Befund | Theorien | Diskussion | Erklärung

Befund

  • aengl. (ge)hámettan 'wohnen (*daheim sein*), Schuldner heimbringen' 168

  • anord. heimta 'heimholen, zu sich rufen; an eine andere Stelle bringen; (Schuld, Steuern einziehen'; refl. 'sich begeben' 243

  • isl. heimta 'fordern, verlangen' 74

  • dän., norw. hente 'holen' 66, 74

  • schwed. hämta 'holen' 169

  • spmhd. 14a" heimsen 'heimbringen, an sich nehmen'

  • nhd. 16e" heimen, heimtschen 'ernten, die Ernte einbringen', einheimsen 'die Feldfrüchte ernten' 820

  • nhd. einheimsen 'eifrig an sich nehmen, als Ernte heimbringen'

     

  • afrz.

    • hant 'Unruhe, Besessenheit; häufiger Umgang, Besuch'

    • hanter 'verfolgen'

    • se hantir 'sich stürzen auf'

  • Greimas 329

    • 11e" hant 'häufiger Besuch, Beziehung'

    • 11a" hanter 'wohnen, häufig besuchen'

  • frz. hanter 'oft, häufig besuchen, verkehren, aus- und eingehen; heimsuchen, keine Ruhe lassen, quälen; (spuken)' 272

  • mnl. 12b" hant(i)eren 'umgehen mit, häufig besuchen, tun, vorführen, ans Werk gehen'

  • mengl. 12a" haunt 'ständig üben, sich beschäftigen mit, teilnehmen an'; 13° 'häufig besuchen; Geschlechtsverkehr haben; umgehen, spuken'

  • engl. haunt 'verfolgen, heimsuchen, jem. nachgehen; spuken; frequentieren, oft besuchen'

  • mhd. hantīren 'Kaufhandel treiben; verrichten, tun, handeln'

  • nhd. hantieren 'wirtschaften, geschäftig sein; ein Werkzeug benutzen; arbeiten, tätig sein an'

Theorien

  • Grimm (1877) 10,466

    • Die schreibungen handthieren, handieren, die seit dem 16. jahrhundert platz greifen, suchen eine beziehung des verbums zu hand manus auch äuszerlich geltend zu machen. allein unrechtmäsziger weise, da hantieren etymologisch überhaupt nichts mit hand zu thun hat, und ein verhältnismäszig erst spät aus dem französischen entlehntes fremdwort ist.

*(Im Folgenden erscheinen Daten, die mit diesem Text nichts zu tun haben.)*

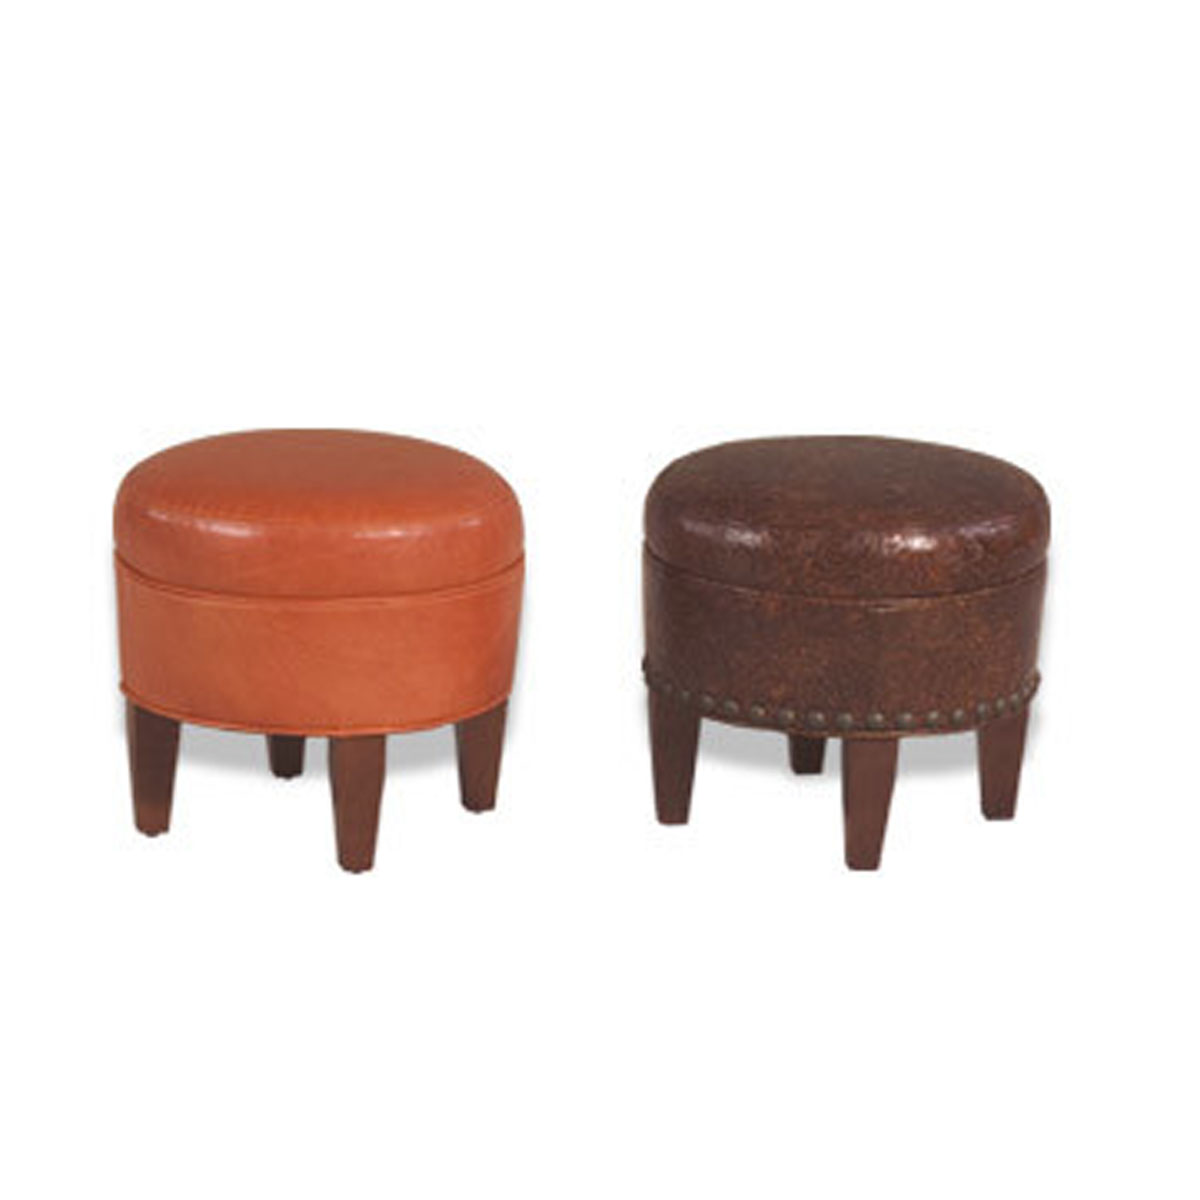 33 Alma 17 inch Round Stool by McKinley Leather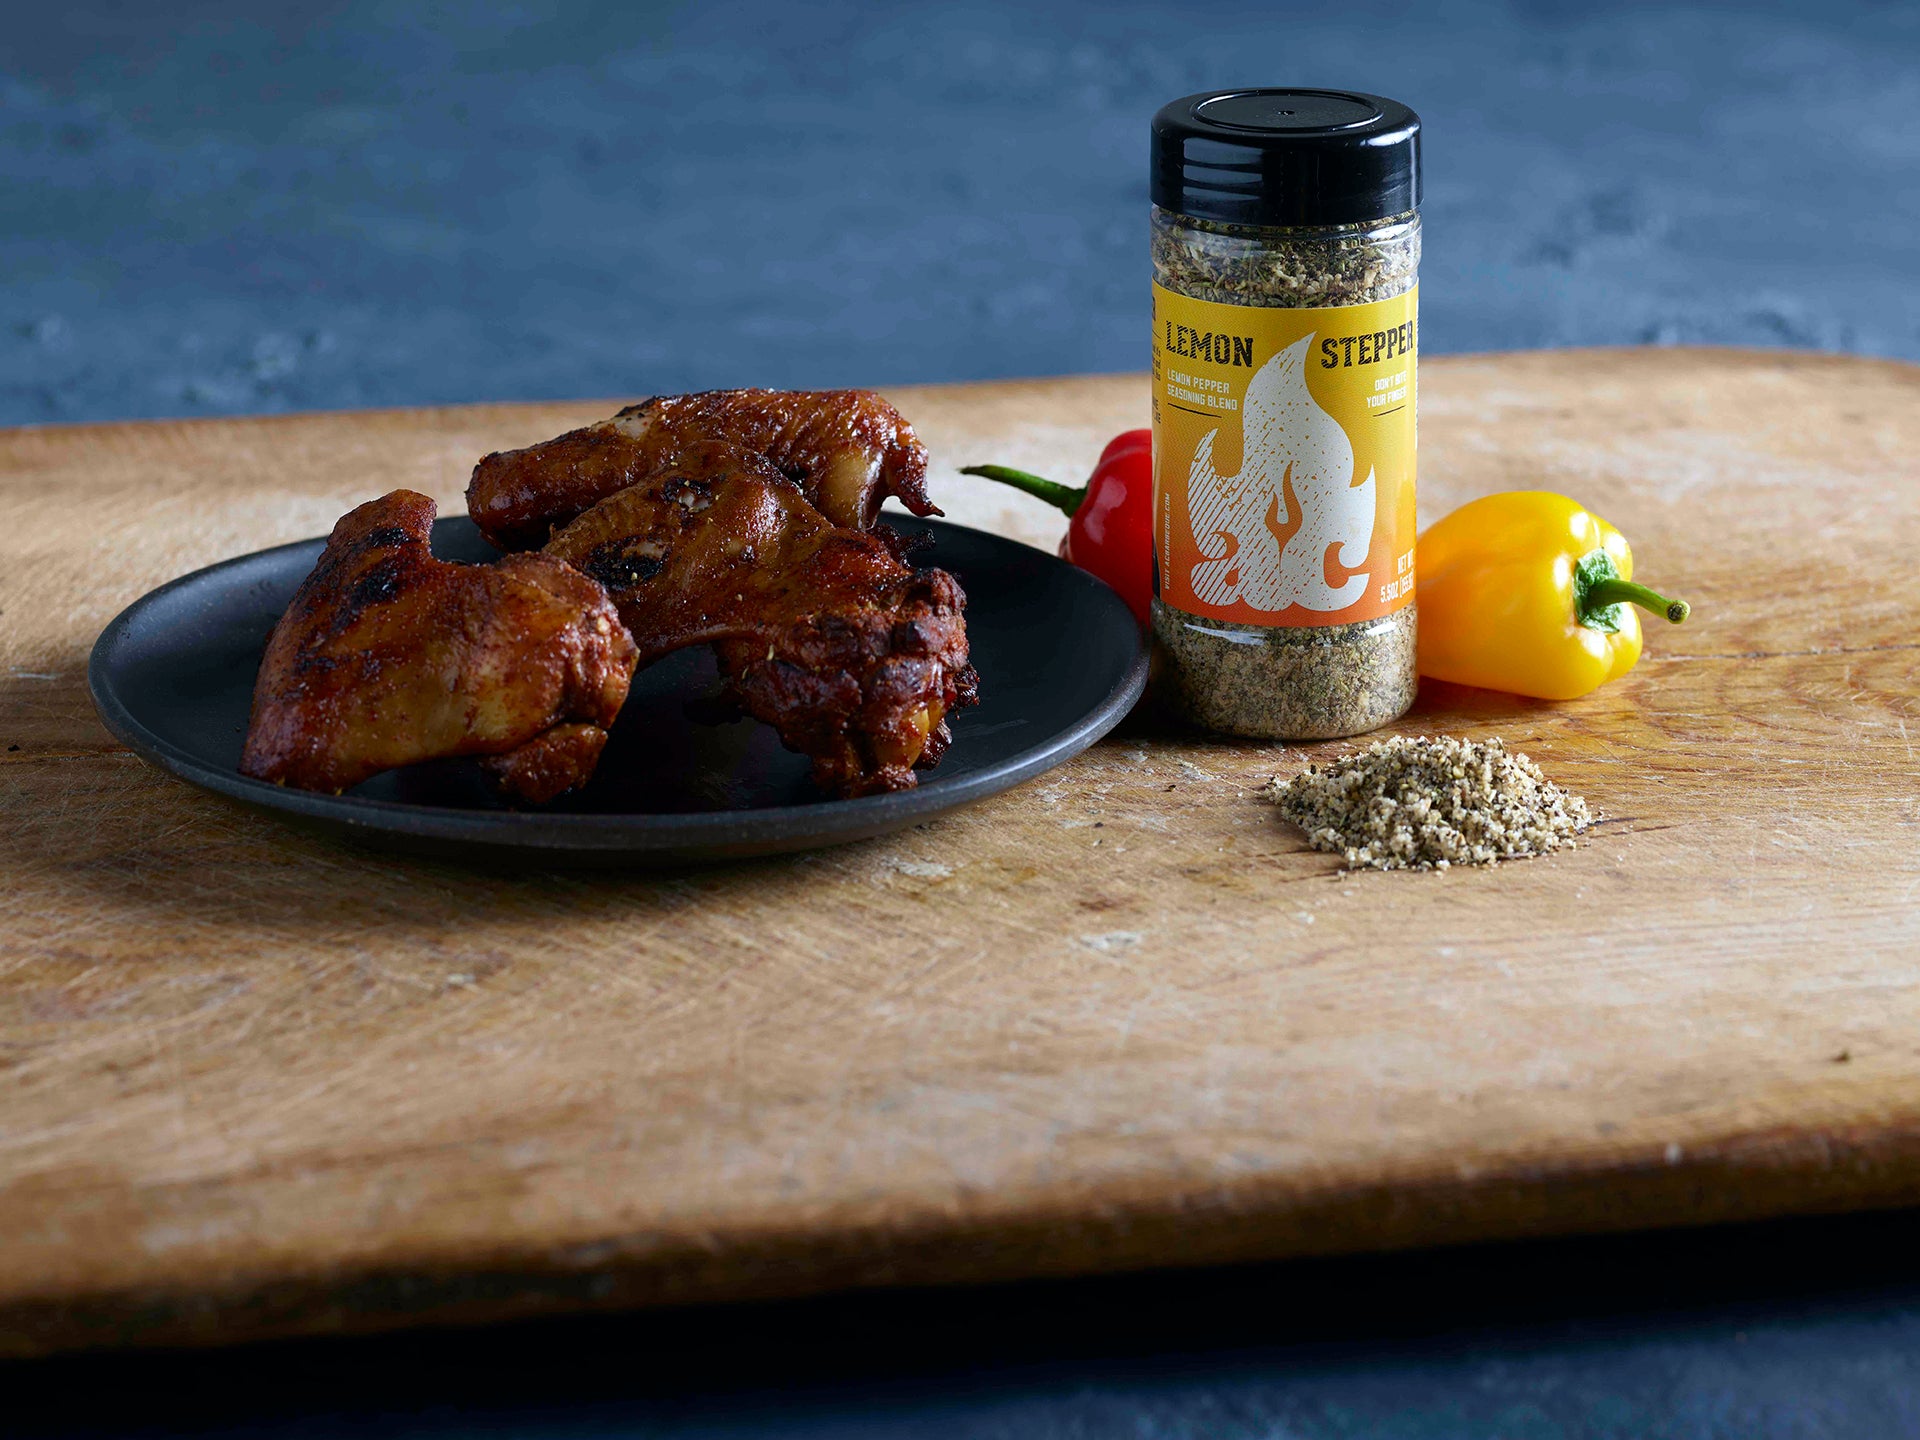 Lemon Stepper Seasoning Rub by AC Barbeque next to a plate with seasoned and cooked chicken

    • das franz. hanter mit der bedeutung oft besuchen, hin und her ziehen, welches seit dem 12. jahrh. belegt ist ... und welches Diez ... auf das altnord. heimta fordern, einfordern, dän. hente holen zurückführt,

    • dringt zunächst in das mittelniederländische ein...

    • die bedeutung geht auf einen kaufmann, der das land mit seinen waaren durchzieht, wandernd handel treibt, und so wird das wort auch in das hochdeutsche übernommen, wo es aber vor dem 15. jahrh. nicht nachweisbar ist;

    • von da aus dringt es ins dänische (haandtere) und ins schwedische (handtera) ein.

    • eine erweiterung des sinnes lag, da bei hantieren an hand gedacht wurde, nahe; man bezeichnete später damit den betrieb einer beschäftigung, eines gewerbes, die vornahme einer handarbeit überhaupt, sofern diese nur, und soweit blickt auch hier die alte bedeutung immer durch, mit gröszerer beweglichkeit seitens des ausführenden geschieht.

  • Pfeifer (1995 / 2005)

    • hantieren Vb. ‘herumwirtschaften, sich mit etw. befassen, handhaben’.

    • Das Verb ist nicht, wie Lautähnlichkeit und heutige Bedeutung nahelegen, von Hand abgeleitet, sondern entlehnt aus afrz. frz. hanter ‘häufig aufsuchen, Umgang haben’. Der Entlehnungsweg geht über mnl. mnd. hantēren zu spätmhd. hantieren ‘Handel treiben, einem Geschäft nachgehen, tun, verrichten’;

    • damit wird hantieren zu einem Ausdruck der Kaufmannssprache. Aus dieser Funktion wird es später durch handeln verdrängt und infolge des Anklangs an Hand auf das unmittelbare handgreifliche Geschäftigsein festgelegt.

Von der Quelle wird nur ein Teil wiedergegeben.